Marco Goecke
Schwarzsehen gilt nicht. Schon gar nicht für die Zukunft. Ein halbes Dutzend Stücke hat Marco Goecke in den vergangenen Monaten choreografiert, darunter immerhin Auftragsproduktionen für Les Ballets de Monte Carlo, das Nederlands Dans Theater II, Scapino Ballet Rotterdam, das Nors-ke Nasjonalballetten und für das Stuttgarter Ballett, bei dem er weiterhin unter Vertrag ist. Da muss einem nicht bange werden, was die eigene künftige Karriereplanung betrifft.

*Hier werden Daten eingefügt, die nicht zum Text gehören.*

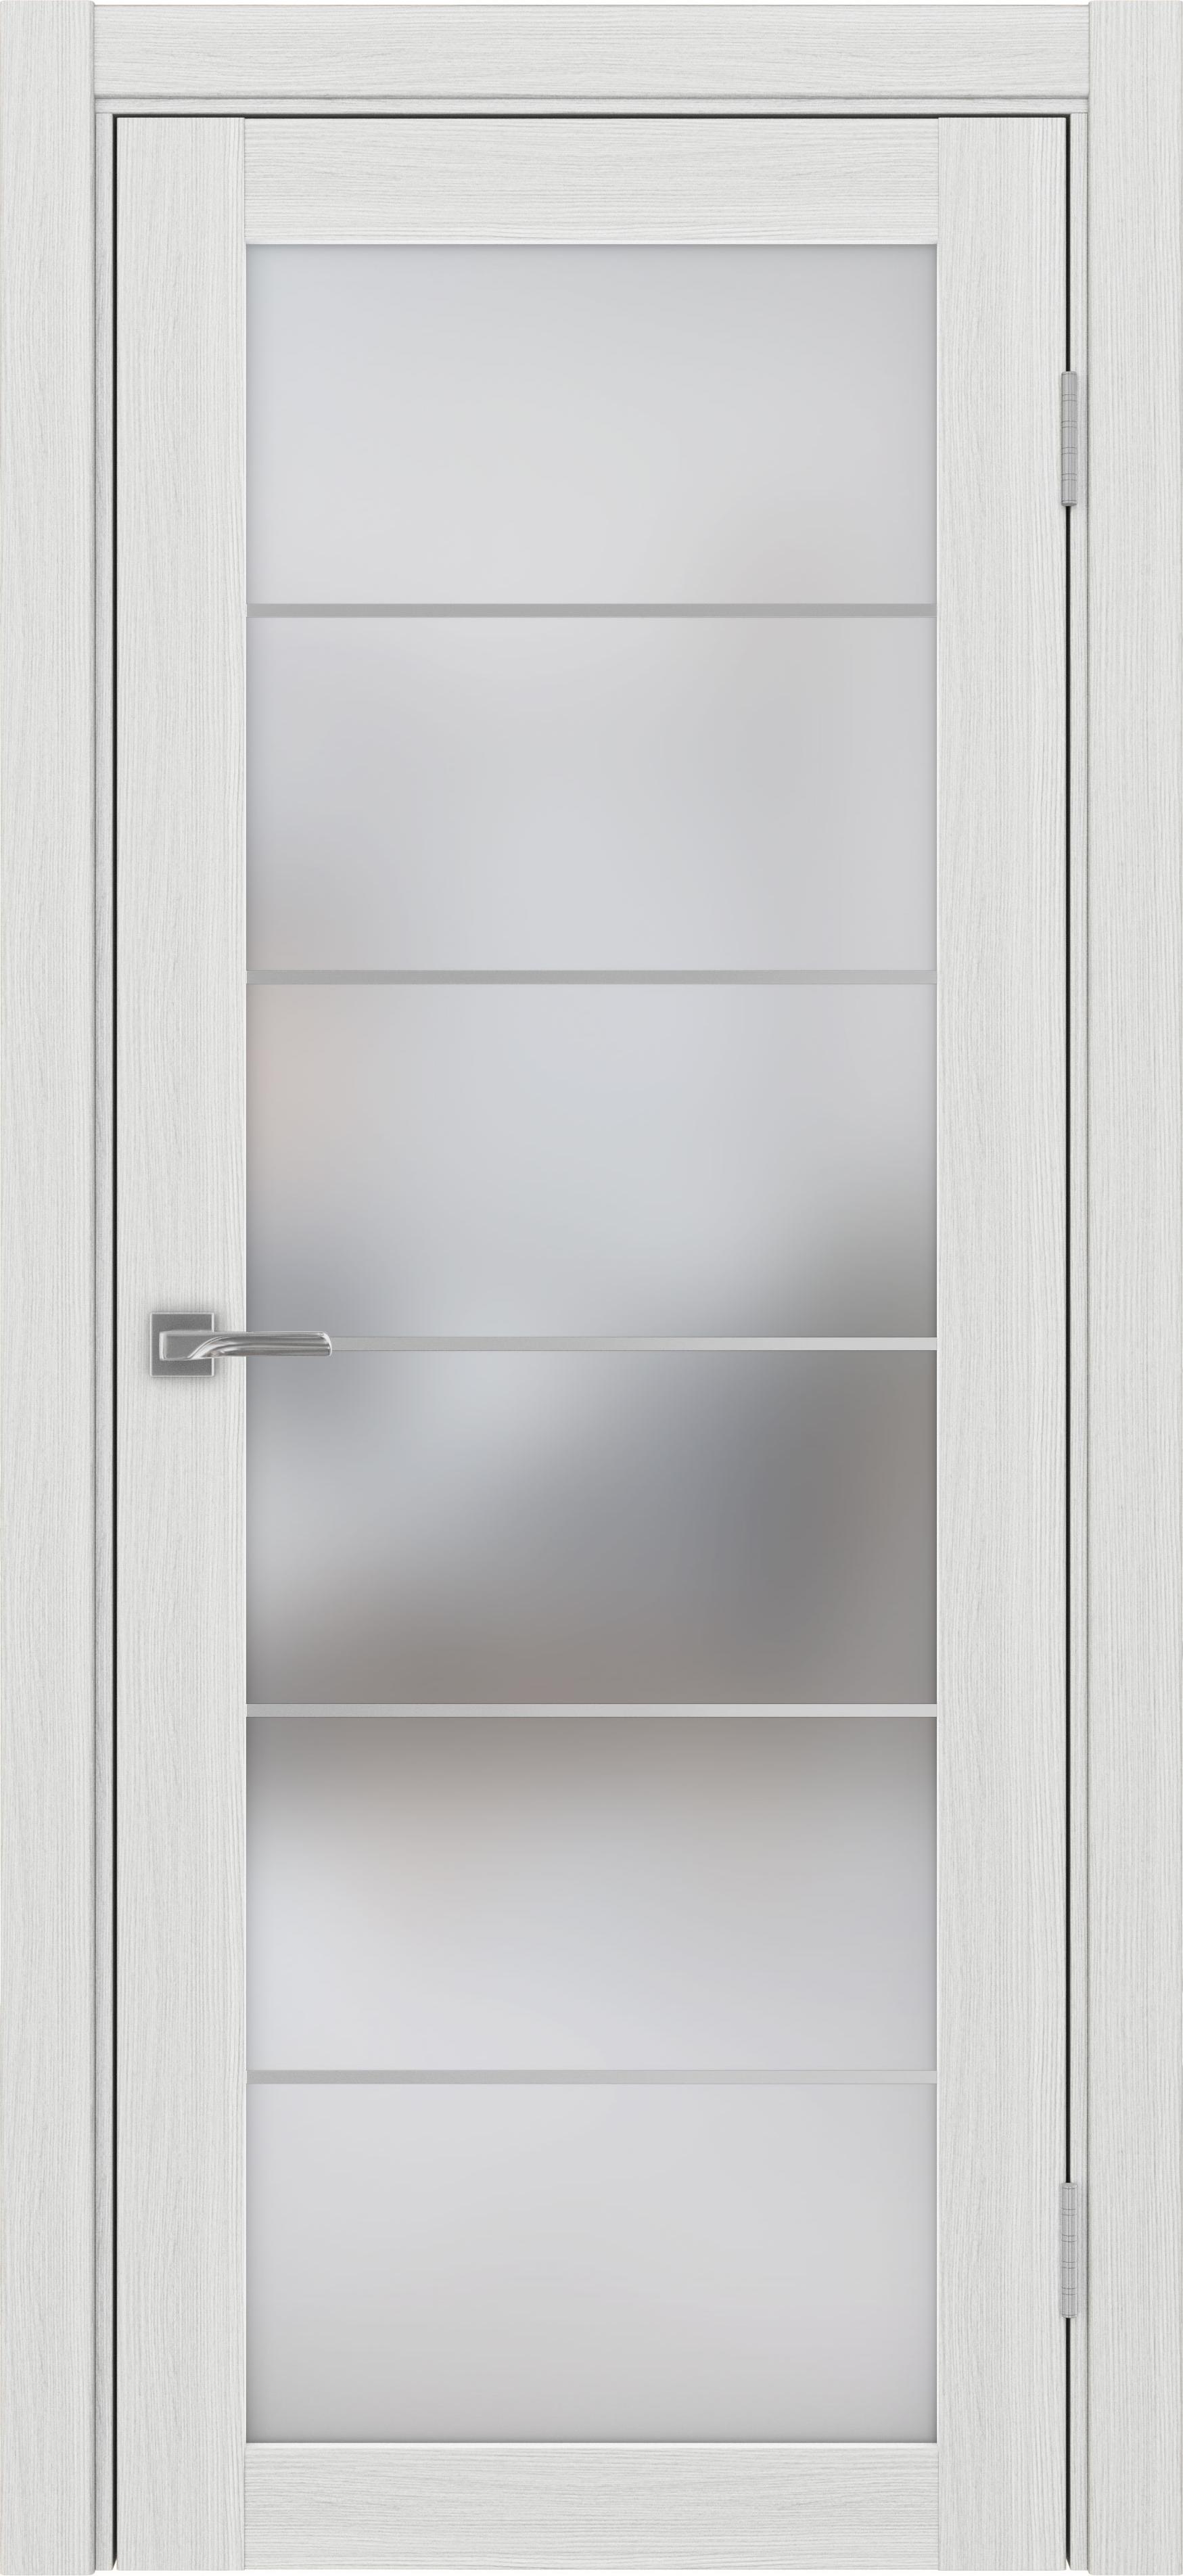 Межкомнатная дверь «Турин 501.2 АСС Ясень серебристый» стекло сатин с алюминиевыми молдингами

Tatsache ist, dass der gebürtige Wuppertaler mit einem abendfüllenden «Orlando» in Stuttgart für das nächste Jahr bereits einen Großauftrag in der Tasche hat und sich mit «Le Spectre de la rose» in Monaco und «Le Chant du rossignol» in Leipzig einer Auseinandersetzung mit der Ballettgeschichte stellt, die für ihn gewiss nicht ohne Folgen bleibt.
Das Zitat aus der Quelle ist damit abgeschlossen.